In the above program, r and h are declared in the main function and are local to that function.  These two have been passed to the function Side_area with the same names but they are still local to both functions regardless their names. But, PI is defined globally and will be known to all the functions as PI.  If by any chance the value for PI changes in one of these functions, every function which is using PI will use it with its new value.

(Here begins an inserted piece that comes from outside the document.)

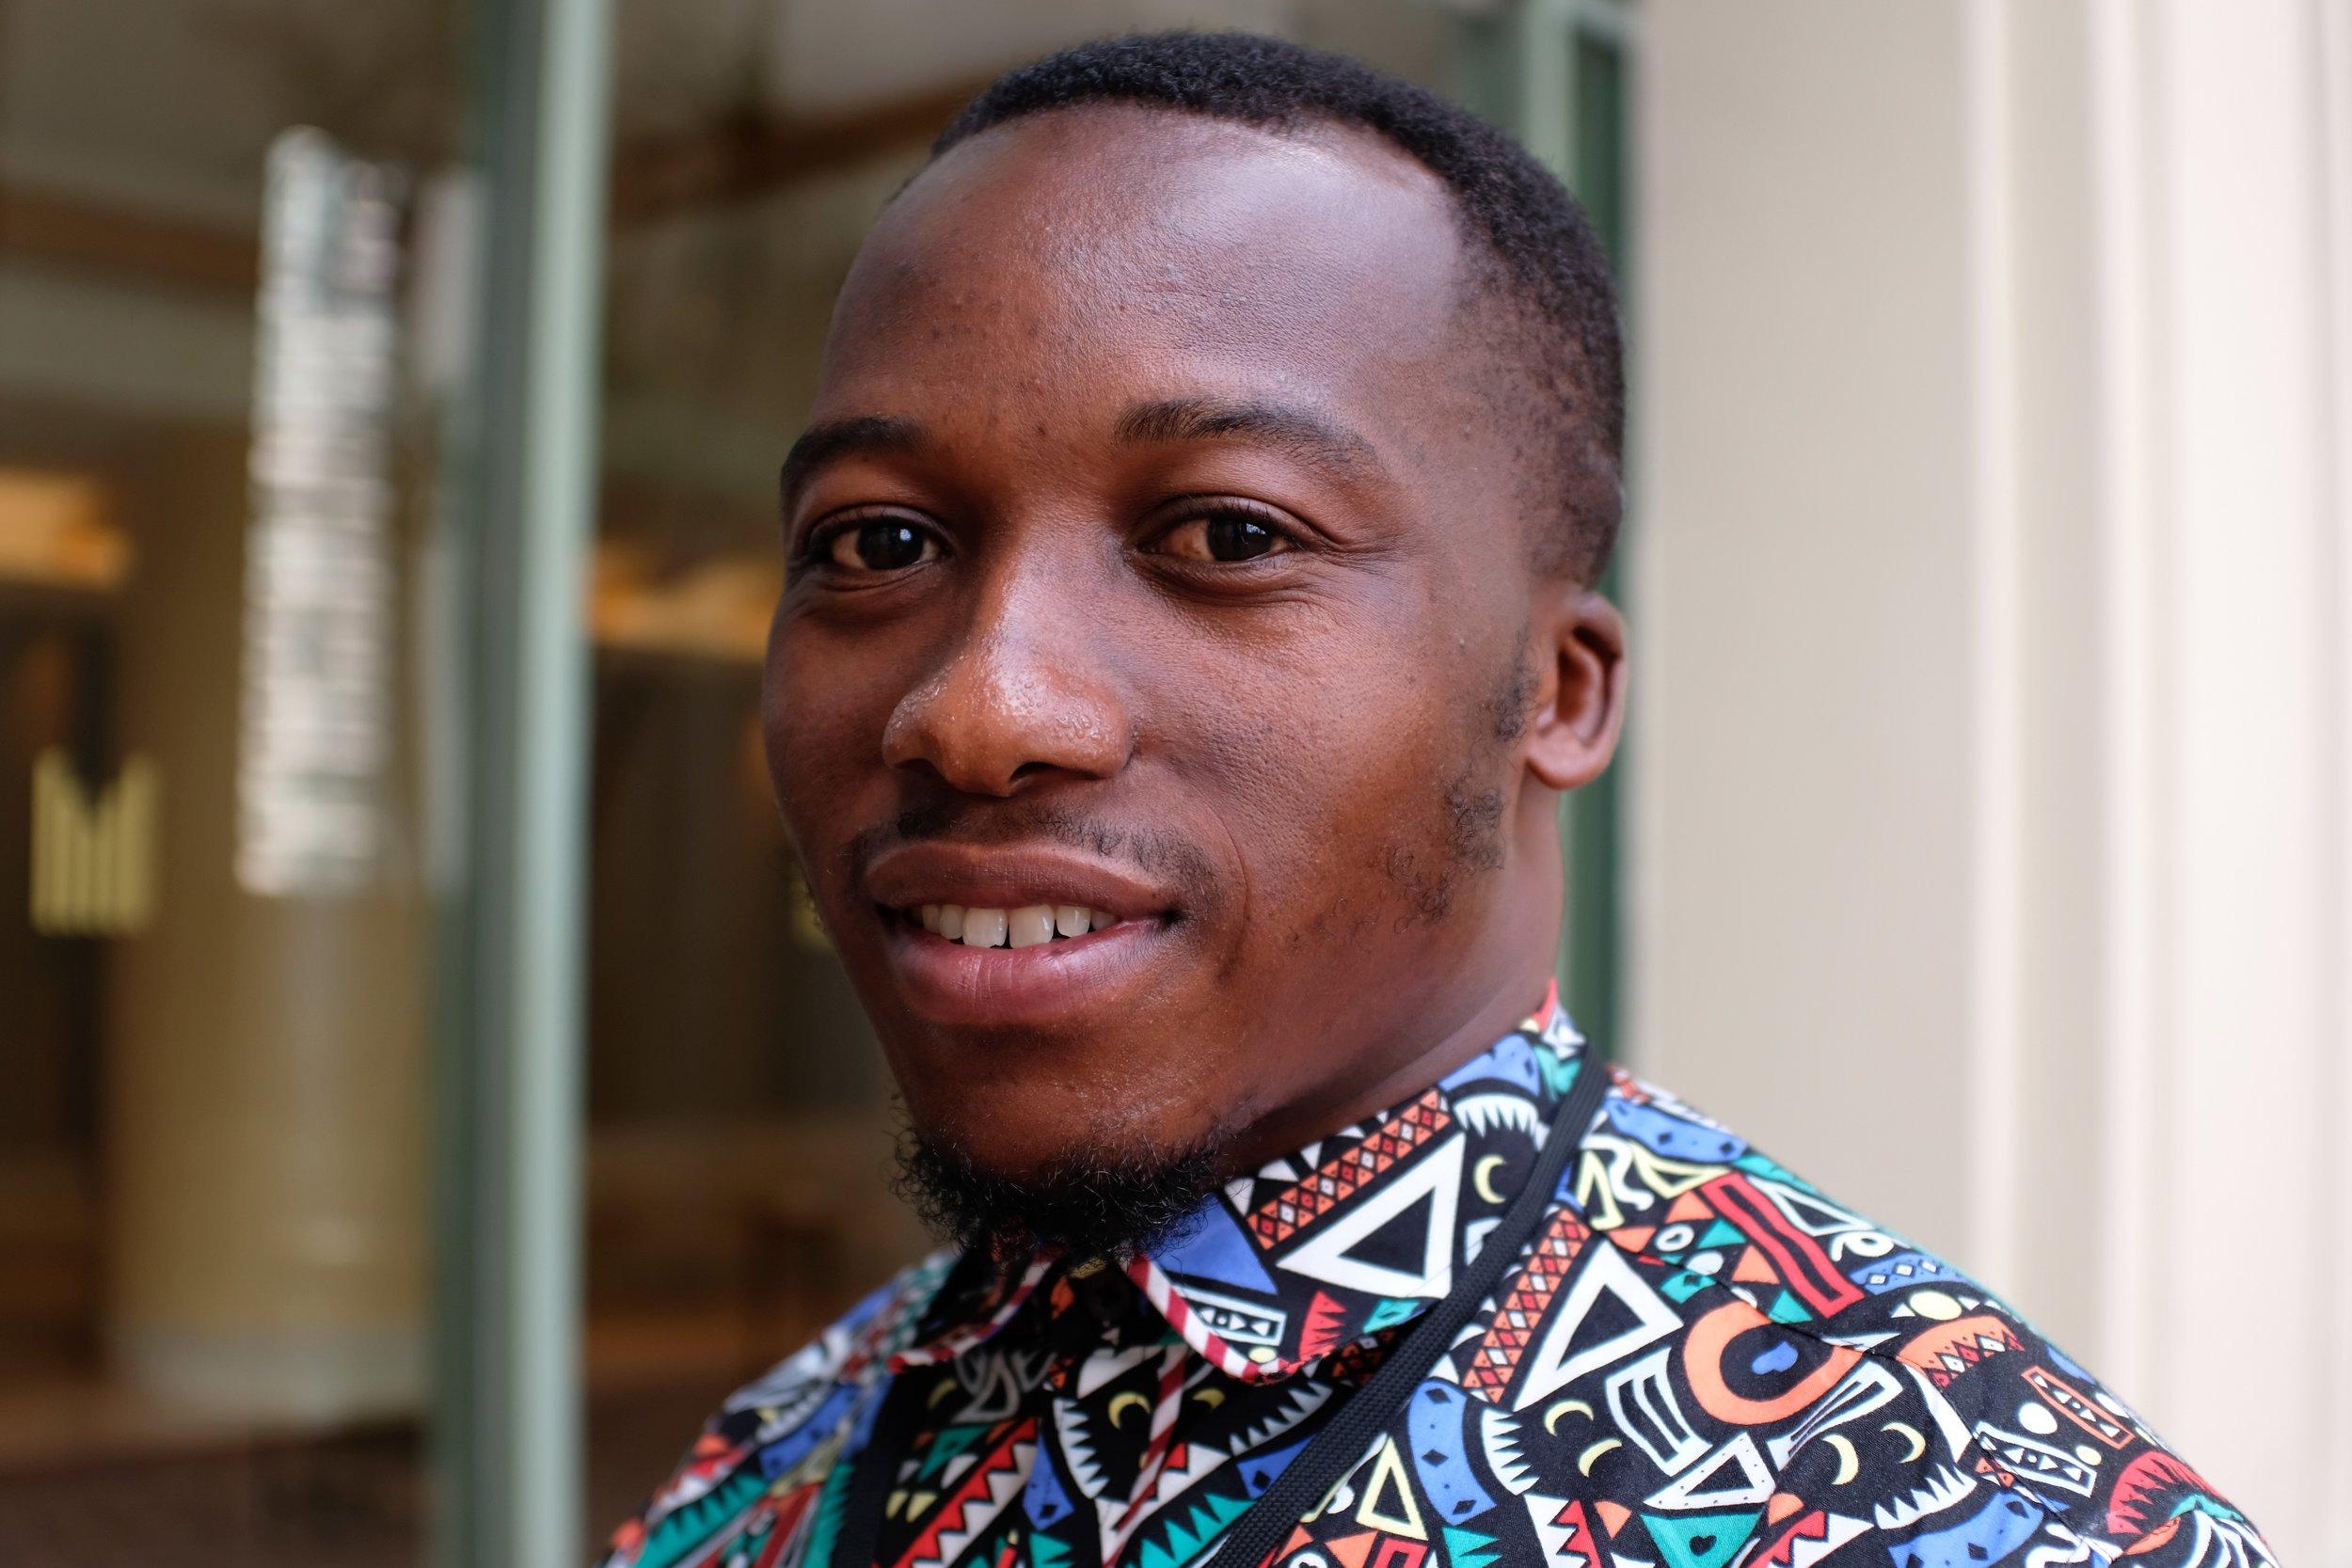 Richard Appiah Akoto from Ghana to Singapore

That is why it is a good practice to define a constant that is defined globally using const so its value is unchangeable.  For example, PI should be defined as:  conts double PI = 3.14159;

In the above program, we have used two different function names to distinguish between the function that computes the cross area and the one that computes the side area.  Using overloading we can give both function with the same name.  The selection will be made based on their prototypes.  Here is the new version of the same program written using overloading.

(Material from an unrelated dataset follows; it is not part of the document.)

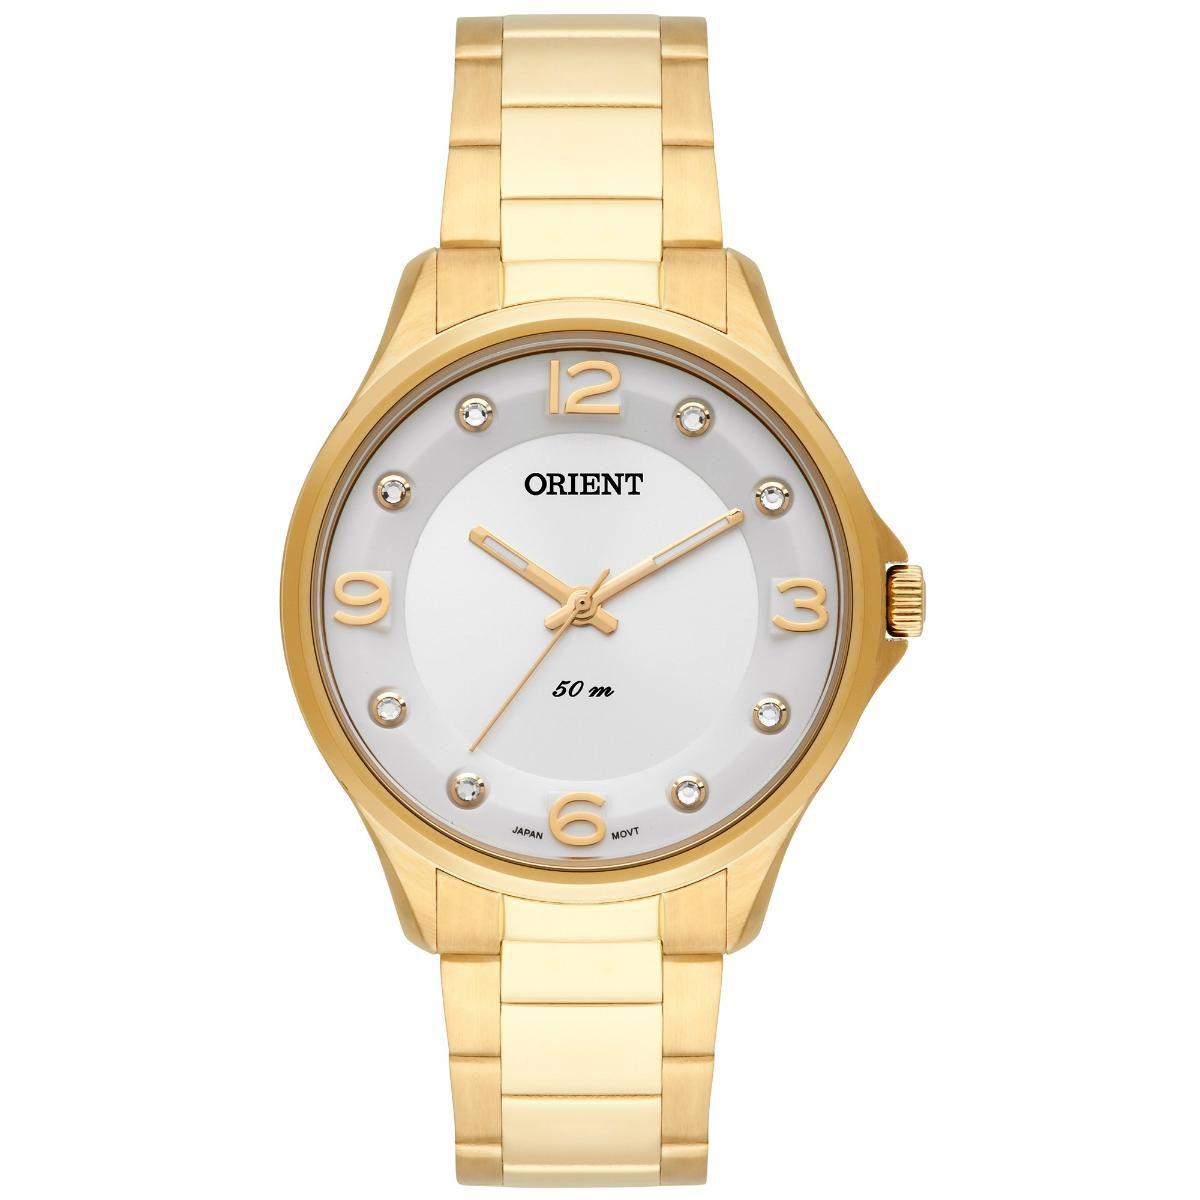 Relógio Feminino Orient FGSS0069-S2KX 36 mm Aço Dourado

// P46.C This program illustrates the local and global variables and call-by-value.
// This program computes the side area and the cross section area of a cylinder
#include<iostream.h>
#include<math.h>

const double PI = 3.14159;  // This variable is defined as a constant globally

double Area(double r);  // Function prototype for function that computes the cross section
double Area(double r, double h);  // Function prototype for function that computes the side area

int main(void)
{
double h, r;

cout << "Enter the radios and the height of the cylinder in Cm <Enter> ";
cin >> r >> h;
cout << endl;
cout << "Before I do any computation or call any function, I want to let you know that \n";
cout << "you have entered r = " << r << " and h = " << h << endl;

cout << "The cross section area of the cylinder is " << Area(r) << endl;
cout << "The side area of the cylinder is " << Area(r,h) << "\n\n";

cout << "By the way, I am r and my value is " << r << endl;
cout << "My value was changed in the 2nd Area function, \n";
cout << "but it is reset to whatever it was before you call that function.\n";
cout << "This is because, you send me to that function using call_by_value. \n";

return 0;
}

double Area(double r)
// Computes the cross sectional area of the cylinder
{
return PI*pow(r,2);
}

double Area(double r, double h)
// Computes the side area of the cylinder
{
double area;
area = 2*PI*r*h;
r = r * 1000;  // just to show what will happen to r

return area;
}

Exercise 4.6
Could you use overloading to compute the area and volume of an sphere with two functions that have the same name? Explain your answer.  Write your answer in a file called ex46 and save it in your lab4 directory.

Exercise 4.7
Modify program P46.C to compute the side area, total area, and volume of a cylinder and the area and volume of a sphere, depending on the choice that user makes.  Your program should ask users to decide whether the shape is an sphere or a cylinder, then display the result for the selected shape.  Here is the definitions you may need for a cylinder with radius r, and height h:
Side area: (2*PI*r) * h
Total Area: 2*(PI*r2) + Side area
Volume: (PI*r2)*h

Call your new program Ex47.C and save it under the lab4 directory.

Post Lab Exercise
Modify program P44.C to compute the total cost of the purchases differently.  This time if the price per item is more than \$20, a special discount will be applied.  The special discount varies depending on the day of the week or the occasion, so you have to ask for the special rate of discount at the time of purchase.  For now, you ask the user to enter a rate between 5-20%.  For items with price per item of less than \$20, use the same calculations as before.  You need to use function overloading in your new program.